Among Colorado voters marijuana legalization is more popular than President Obama or Mitt Romney. This Tuesday the voters in the state approved Amendment 64, which legalizes marijuana under state law, by a remarkably large margin. With most of the vote now counted, Amendment 64 was approved 54.92 percent yes to 45.08 percent no.
As it currently stands 1,307,288 people in Colorado went to the polls and voted to legalize marijuana. By comparison, only 1,252,269 people in the state cast a ballot for Barack Obama for President and just 1,135,165 voted for Mitt Romney. More voters in Colorado want marijuana to be legalized than believe Obama should serve a second term.
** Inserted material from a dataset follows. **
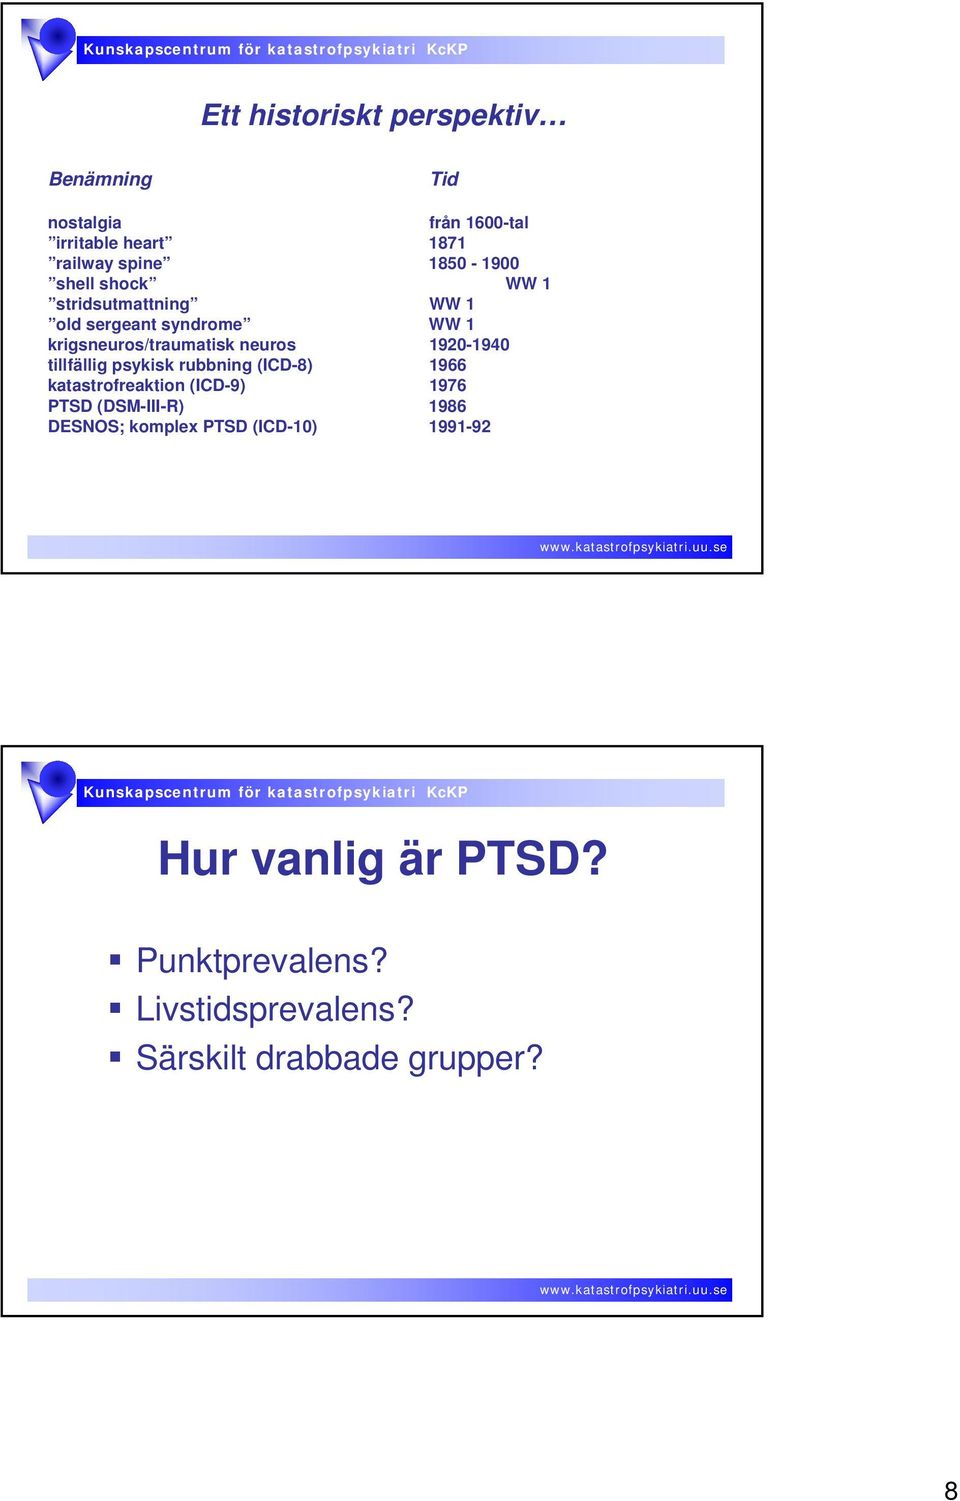 1920-1940 tillfällig psykisk rubbning (ICD-8) 1966 katastrofreaktion (ICD-9) 1976 PTSD (DSM-III-R) 1986

This is not just an interesting factoid but could have real political implications at both a local and national level. Unlikely Washington State, which also legalized marijuana this year, Colorado is not some liberal bastion. In 2010 Colorado featured one of the most competitive Senate races, and for the past several presidential elections it has been one of the most heavily contested swing states. Colorado is a place both major parties are competitive statewide.
Amendment 64’s strong victory shows that marijuana legalization is not just a winning issue in heavily Democratic areas, but is a position that is now popular in the so-called purple states. If as a politician you oppose marijuana legalization in a place like Colorado you now risk alienating the majority of the electorate. Publicly endorsing marijuana legalization should now be viewed as a politically smart move in large segments of the country.
The fact that marijuana legalization has noticeably more support than Obama in Colorado may also have an impact on the law’s implementation in the state. If there are showdowns with federal agencies over marijuana being legal under state law the fact that it is more popular than the President could encourage local officials to side against the feds.